The Joint Tax Committee projected that a tax of just 0.03% could raise $40bn a year. A tax on financial speculation would be invisible to almost anyone except industrial strength speculators. This is a great way to raise money while reducing a wasteful and counterproductive activity.
The other waste tax in the CPC budget is a tax on carbon emissions. The problem of global warming is not going away just because some politicians in Washington opt to ignore it. The current path threatens our children and grandchildren with a wrecked planet, but the Very Serious People in Washington would rather save them from the risk of a two-percentage-point hike in the social security tax somewhere in the next 50 years.
Which brings us to the sad reality that the CPC budget was almost completely ignored in the media. The reporters and editors and the major news outlets undoubtedly justify ignoring the budget proposal by the apparent reality that it has no prayer of being passed into law. While this is true, there have been numerous budgets and budget items from the right that have no chance of being passed into law that have gotten considerable attention from the media. (See Ryan, Paul.)
Did anyone think that Congress was about to approve Rep Ryan's proposal for replacing Medicare with a voucher system? This proposal had no absolutely prospect of being passed into law in the immediate future, but that didn't prevent it - nor any number of other right-wing proposals - from getting extensive and respectful coverage from the media. There can be little doubt that there is a double standard here.
And the double standard has very real consequences. By ignoring progressive proposals, the media prevents them from becoming part of the public debate. As a result, it's difficult to advance ideas like a tax on financial speculation - even though there is good reason to believe that the public might embrace such a proposal for some of the same reasons that so many economists (pdf) have supported the idea.

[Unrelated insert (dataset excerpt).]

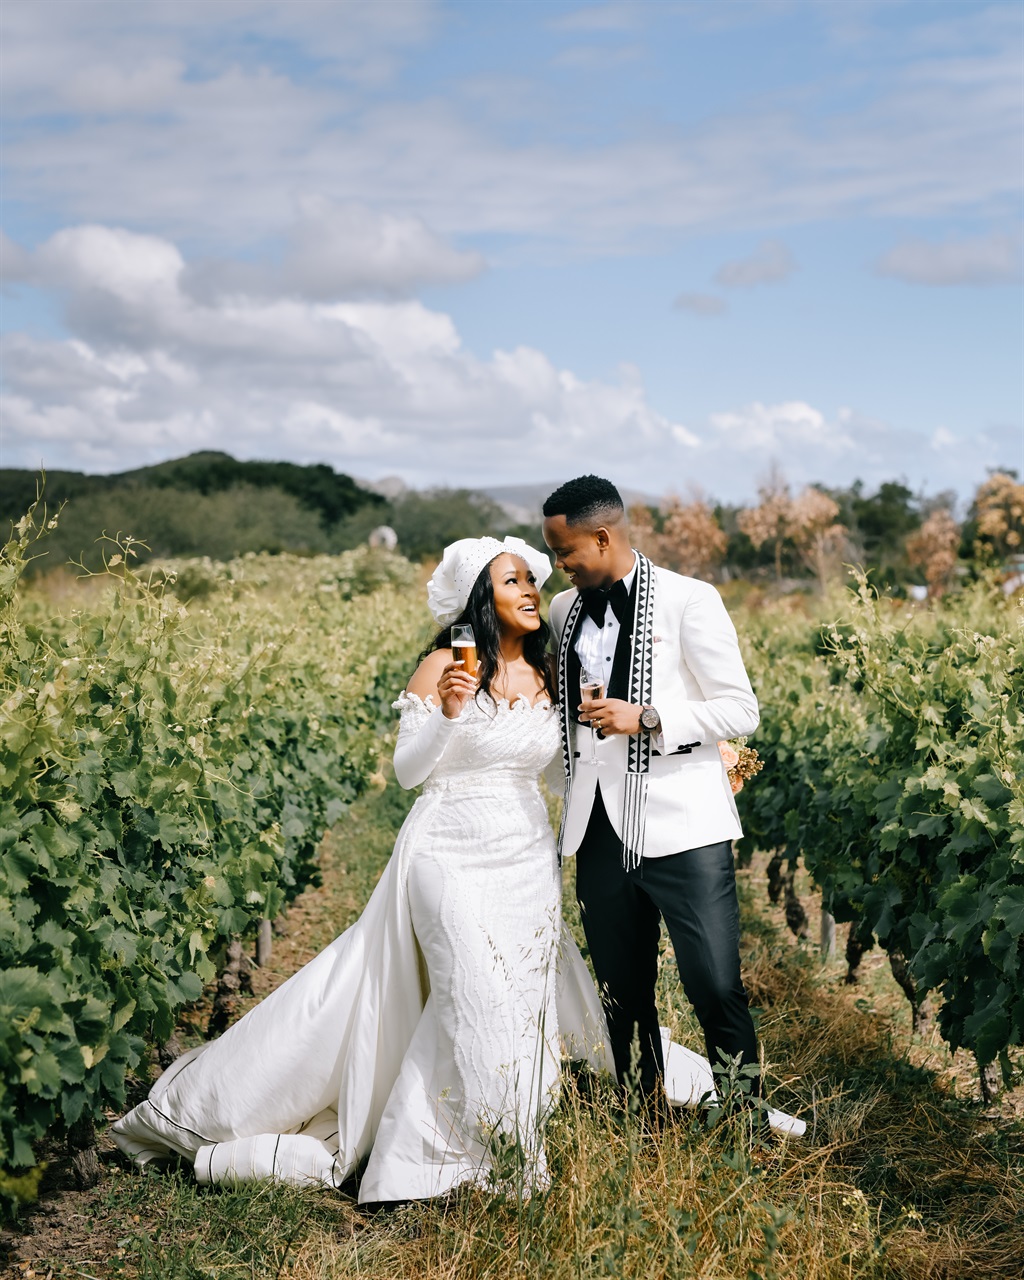 xhosa wedding, love, marriage, bride

The lack of attention to progressive proposals has an impact on the willingness of political figures to support them. It helps a member of Congress like Ryan enormously when he has one of his proposals highlighted across the Sunday shows, while members of the CPC like Rep Raul Grijalva and Sen Bernie Sanders only get booked for less "boring" issues. This is the sort of standard that the Paul Ryans of the world trumpet to their constituents, to potential campaign contributors and to their peers in Congress. They become "budget wonks" and political superstars, even if their proposals are bound to go nowhere. Members who can count on a receptive audience in the national media are courted by other members who are trying to push their own proposals. And so the Paul Ryans of the world become candidates for the nation's highest office.
The blackout on covering progressive proposals is effectively telling ambitious politicians that if they want to get ahead, they better move to the right. They will be ignored as long as they push ideas perceived as being on the left, regardless of the merits of the ideas.
The media are putting a very big thumb on the scale when they decide to ignore the CPC budget and other proposals coming from the left side of the political spectrum. This is not neutral reporting. This is not good economy policymaking.